* AIM OF THE TASK *
Look through the records below for the line holding "Challenge 3: Provide Multiple Media Options". Write it out exactly, with each following line through the line holding "dentista escutando as".

* SOURCE MATERIAL *

================

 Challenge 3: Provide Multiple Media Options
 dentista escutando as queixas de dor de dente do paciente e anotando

================

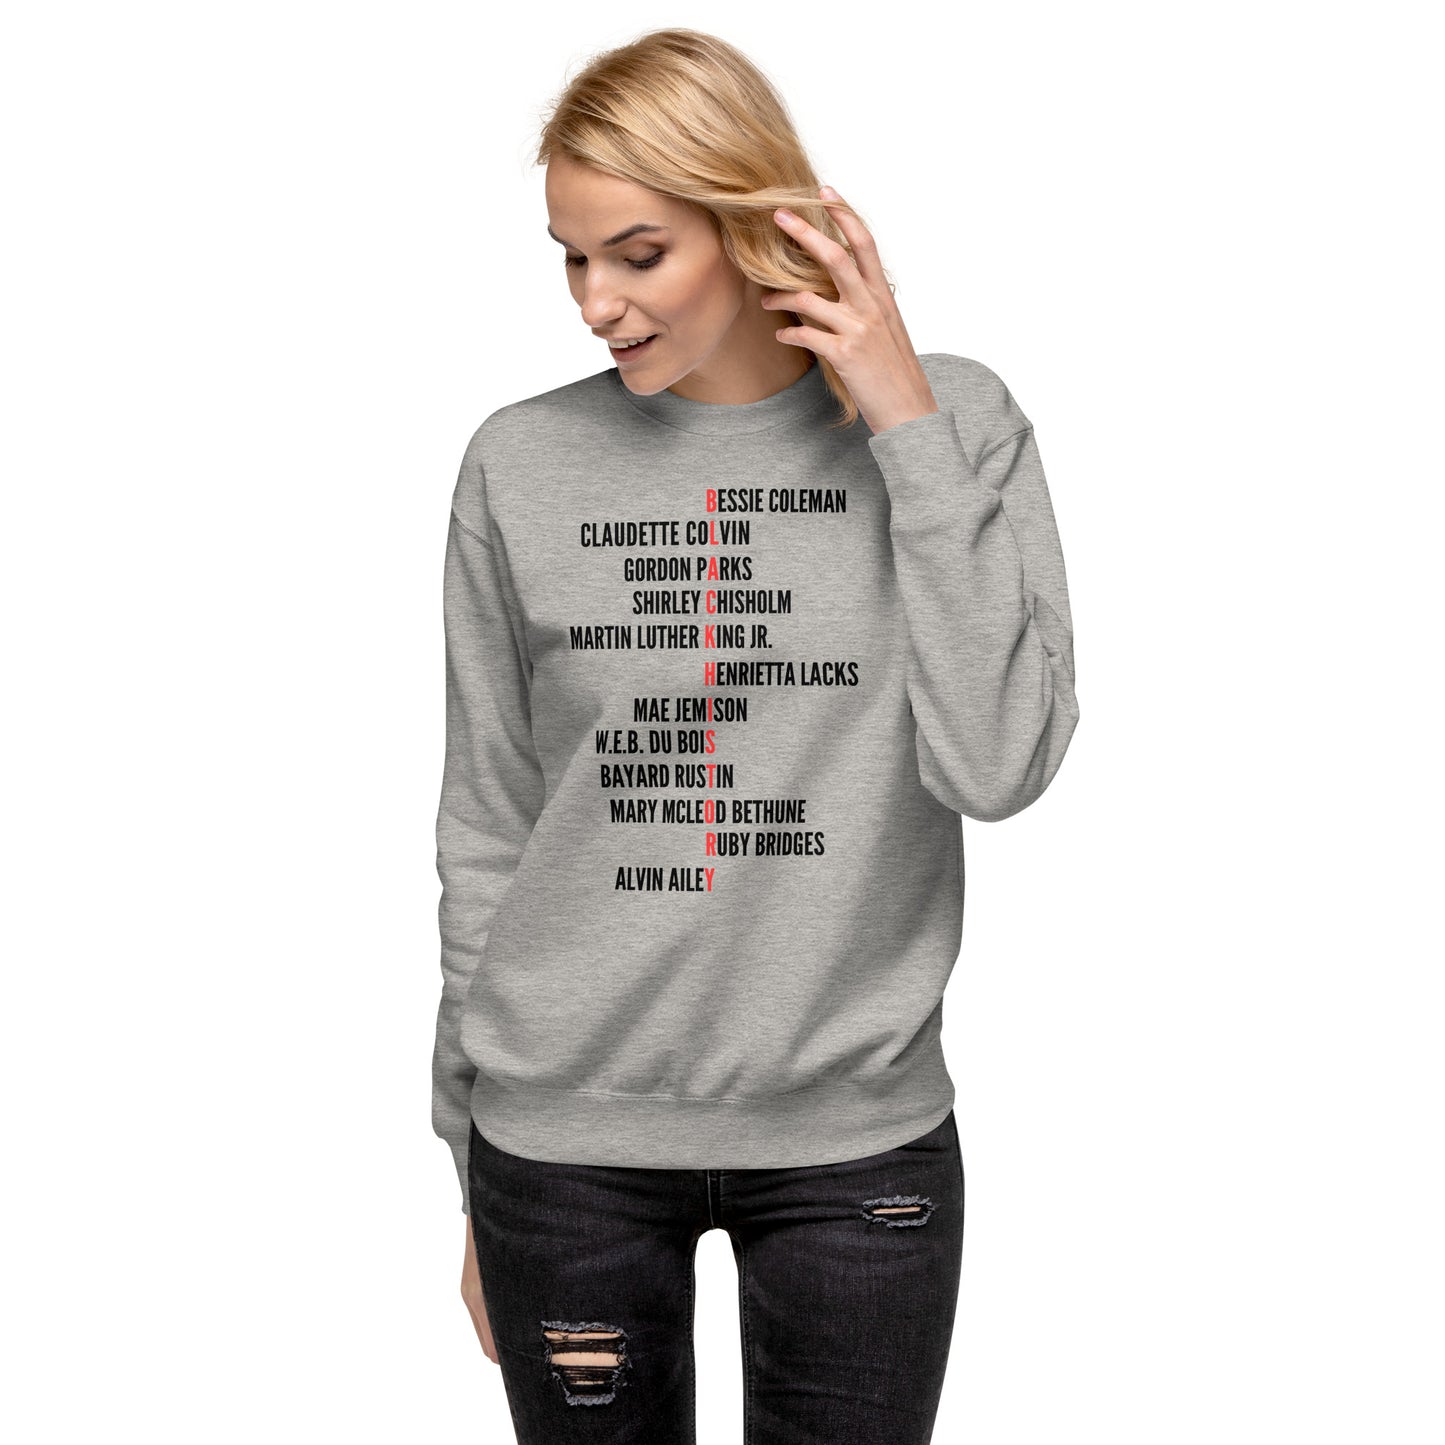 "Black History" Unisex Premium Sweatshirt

================

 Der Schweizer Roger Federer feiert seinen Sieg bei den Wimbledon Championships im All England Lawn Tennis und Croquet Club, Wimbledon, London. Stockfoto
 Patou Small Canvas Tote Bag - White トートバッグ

================

* RESPONSE BOX *
 Challenge 3: Provide Multiple Media Options
 dentista escutando as queixas de dor de dente do paciente e anotando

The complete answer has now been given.